To begin with, the way the question is posed in a somewhat unclear fashion. From an elementary point of view, one may say that $X^{1/3}$ is not a polynomial because polynomials are different sort of expressions.
Maybe the question is whether the function $X\mapsto f(X)=X^{1/3}$ is polynomial in the sense that there is a polynomial $P(X)$ such that $f(x)=P(x)$. There's a number of ways to prove this false, like the fact--borrowing from Joel Cohen's answer--that polynomial functions admit derivatives continuous everywhere, which is not the case for the function $f(X)$.
In my opinion the correct way to rephrase the question is whether there may be a polynomial $P(X)$ such that $ P(X)^3=X. $ This is impossible by considering degrees: the degree of the left hand polynomial is a multiple of $3$ whereas the degree of $X$ is $1$, not a multiple of $3$.

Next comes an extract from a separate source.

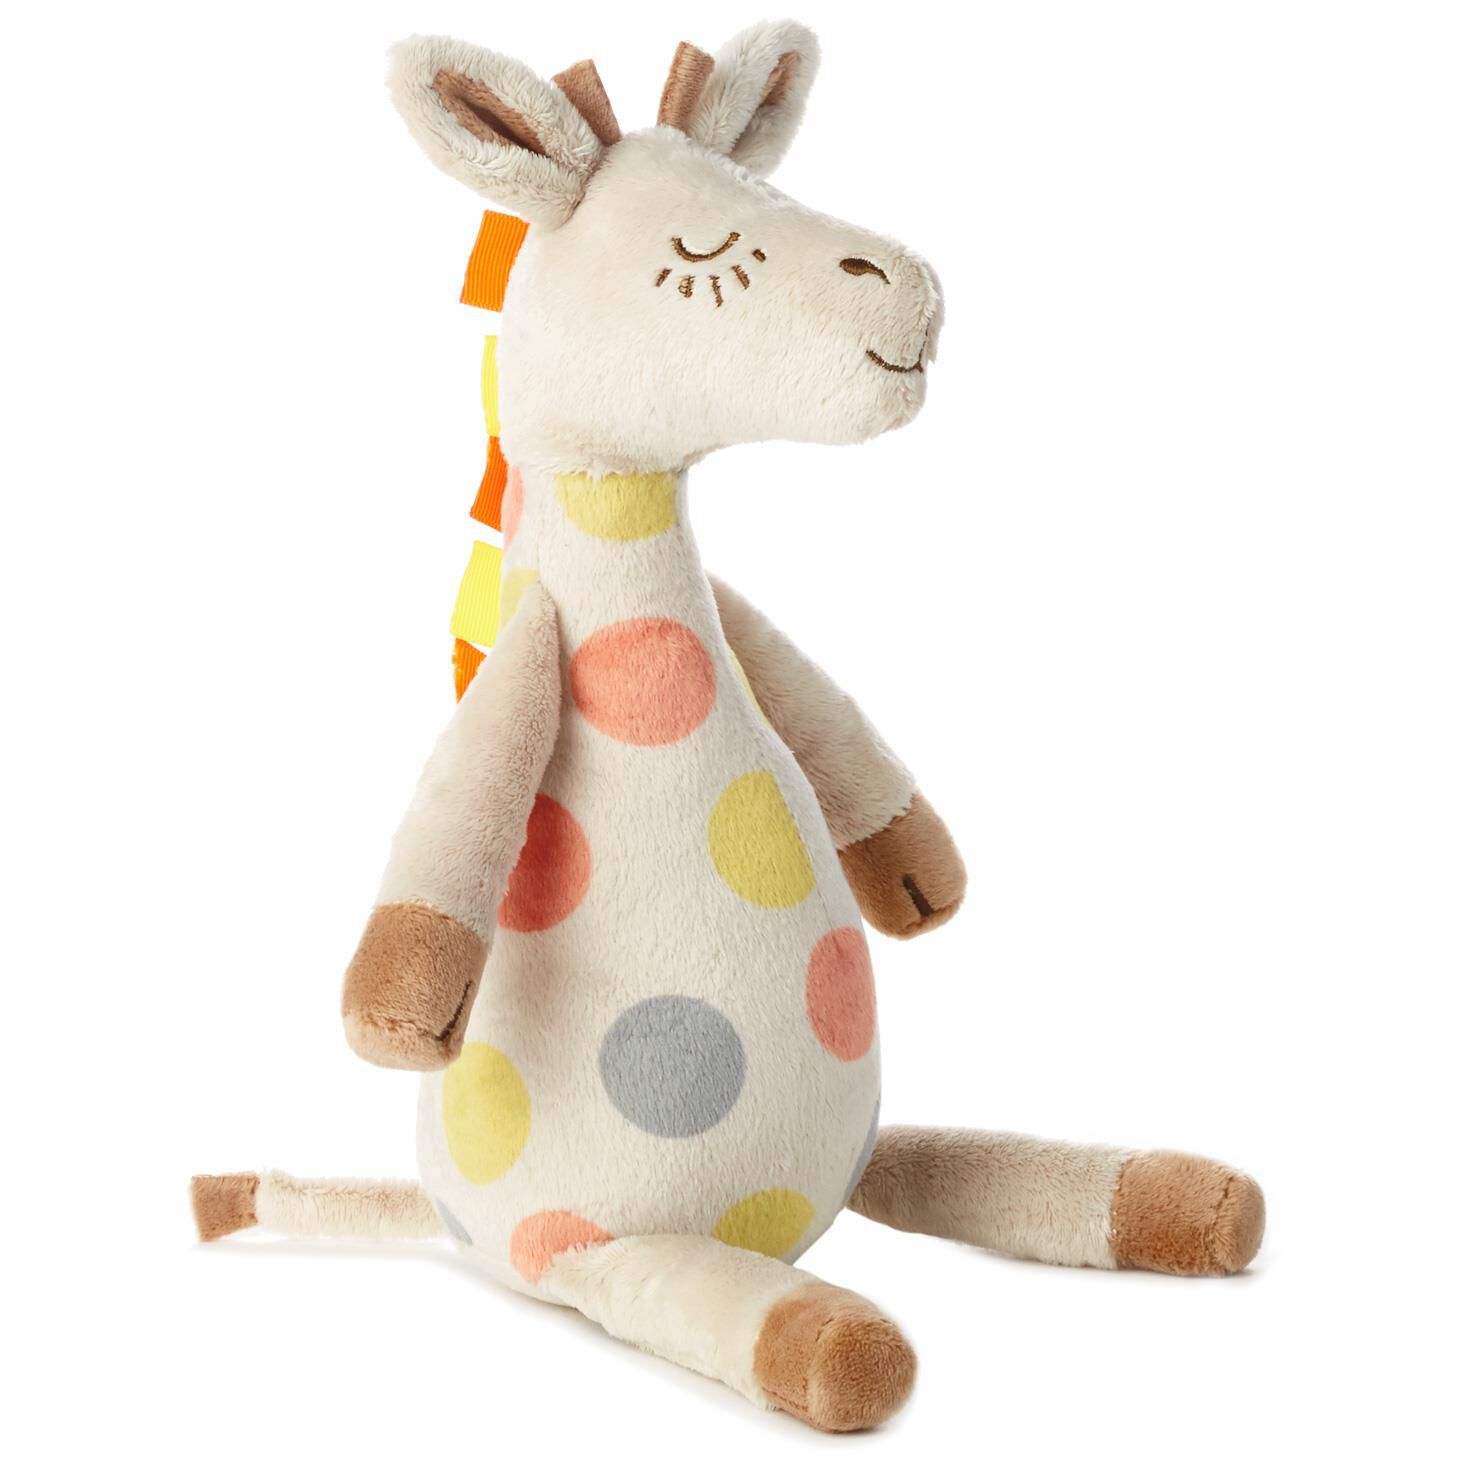 10ft giraffe stuffed animal

Yet, we learn from algebra courses that one may consider polynomials with coefficients in more general algebraic structures (commutative rings). If the coefficient ring is a domain, in particular a field, the very same degree argument applies. But in more exotic situations the degree argument is not sufficient, like the example $ (1+2X)^2=1\qquad\text{in $(\Bbb Z/4\Bbb Z)[X]$} $ shows. Thus, a different sort of argument is required. But I stop here since I believe that this is actually beyond the scopes of the question.